The inventive glass compositions distinguish themselves particularly in that a targeted adjustment of the UV edge is possible due to the addition of suitable UV-blockers. This also provides the possibility of a targeted adjustment of the transmission in the wavelength range of around 400 nm so that the blue cast which may occur in the emission of HID-lamps according to the current state of the art is reduced.

With the inventive Al-silicate glasses, particularly hard glasses it is possible to adjust the UV edge similar to that of UV-silica glass in the first instance through the addition of oxides, such as Fe₂O₃ or TiO₂ or also other classic UV blockers, such as Mo-, Nb and/or Ce-oxide. Accordingly, the inventive Al-silicate glass contains preferably at least one metal oxide, selected from the group consisting essentially of TiO₂, CeO₂, Fe₂O₃, WoO₃, ZrO₂, MoO₃, Bi₂O₃, Nb₂O₅ and/or Ta₂O₅.

Therefore, targeted influence over the quality of the white light can advantageously be exercised, when required. Provided the emission spectrum of the discharge body displays too much blue content, a targeted yellow self-coloring adjustment is also possible through the steepness of the UV-edge.

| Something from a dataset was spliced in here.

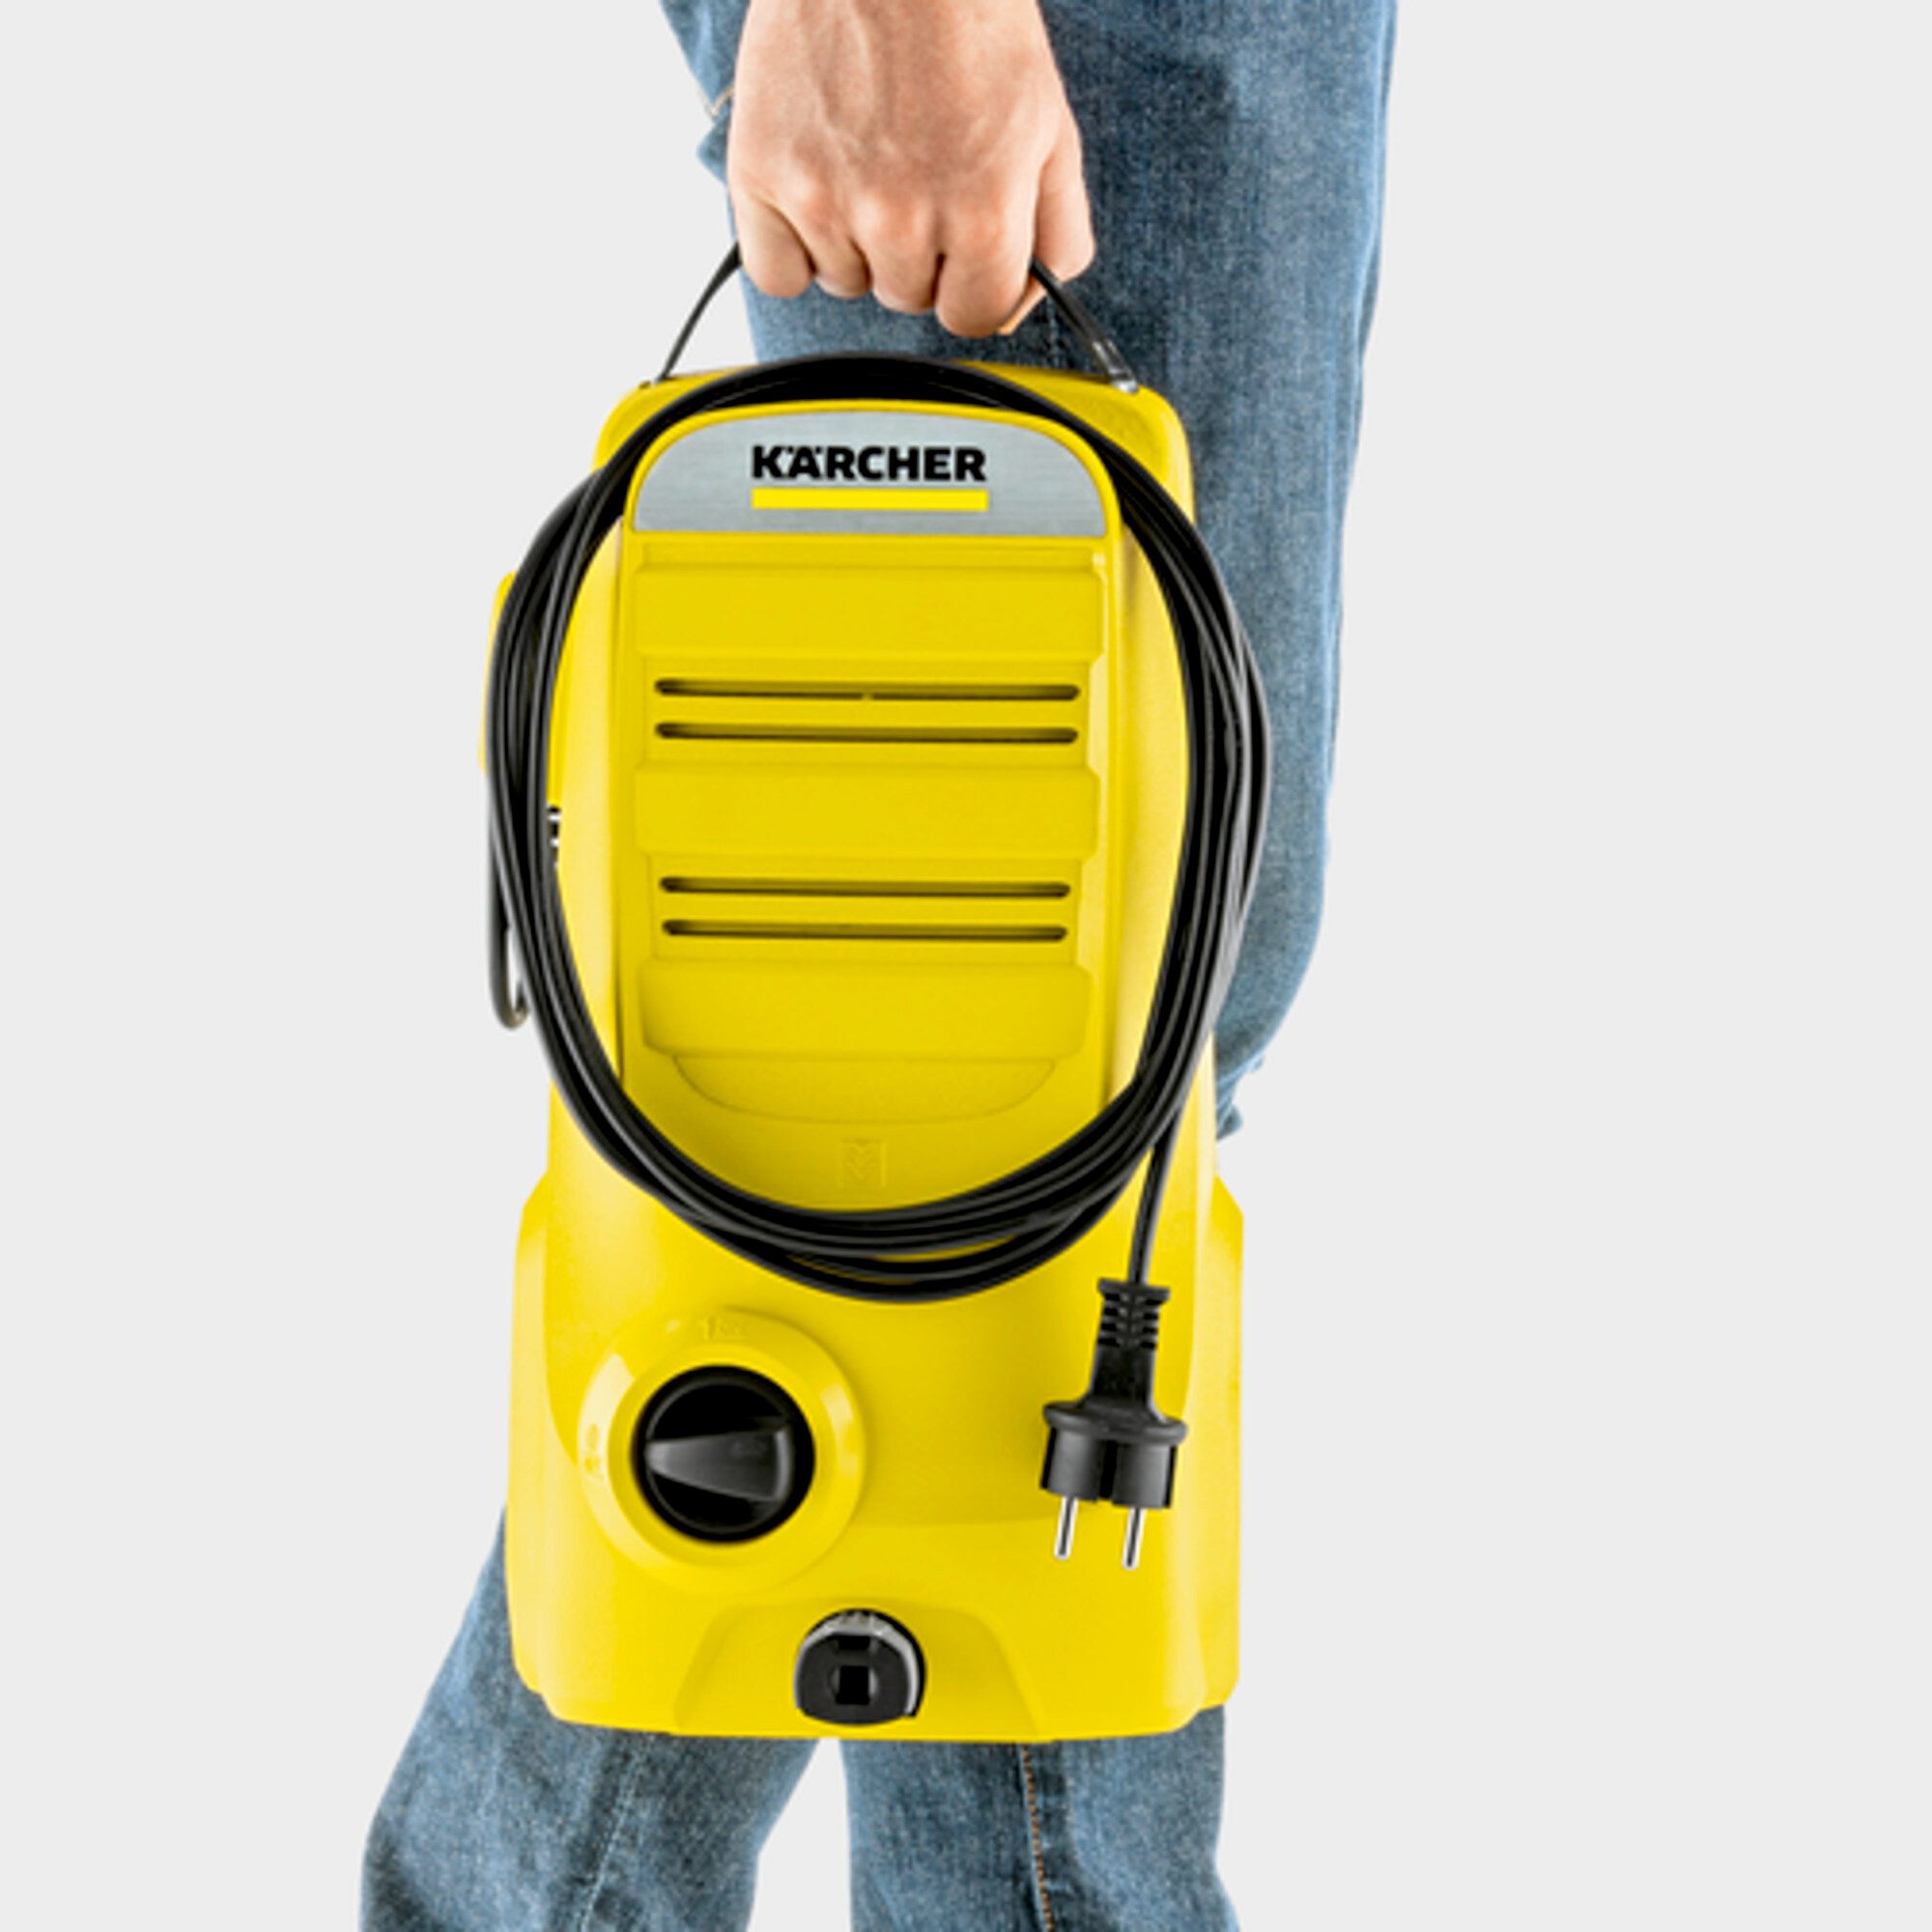 pressure washer K 2 Compact: Sits comfortably in the hand

This filters out excessive blue content. The yellow self-coloring compensates for the blue cast of the burner of the HID-lamp and in contrast to conventional HID-lamps an improved white impression is achieved.

The effect becomes all the more advantageous when temperature effects are considered additionally. Temperatures of between 600° C. and 850° C. or higher can occur on the inside wall of an HID-lamp that is close to the burner, causing the UV edge to be displaced toward lower energies.

According to an advantageous embodiment of the present invention, the Al-silicate glass is able to block the light wavelengths of less than/equal to 290 nm essentially completely in the range from RT to 700° C. Within the scope of the present invention “blocking essentially completely” denotes that the transmission factor is <0.01. An Al-silicate glass which essentially completely blocks light wavelengths of lesser than/equal to 300 nm, preferably smaller than/equal to 310 nm at temperatures of around 600° C., denoting that the transmission factor is <0.01, is even more advantageous. Especially at approximately 400 nm the Al-silicate glass can have a transmission factor in the range of 0.5-0.91.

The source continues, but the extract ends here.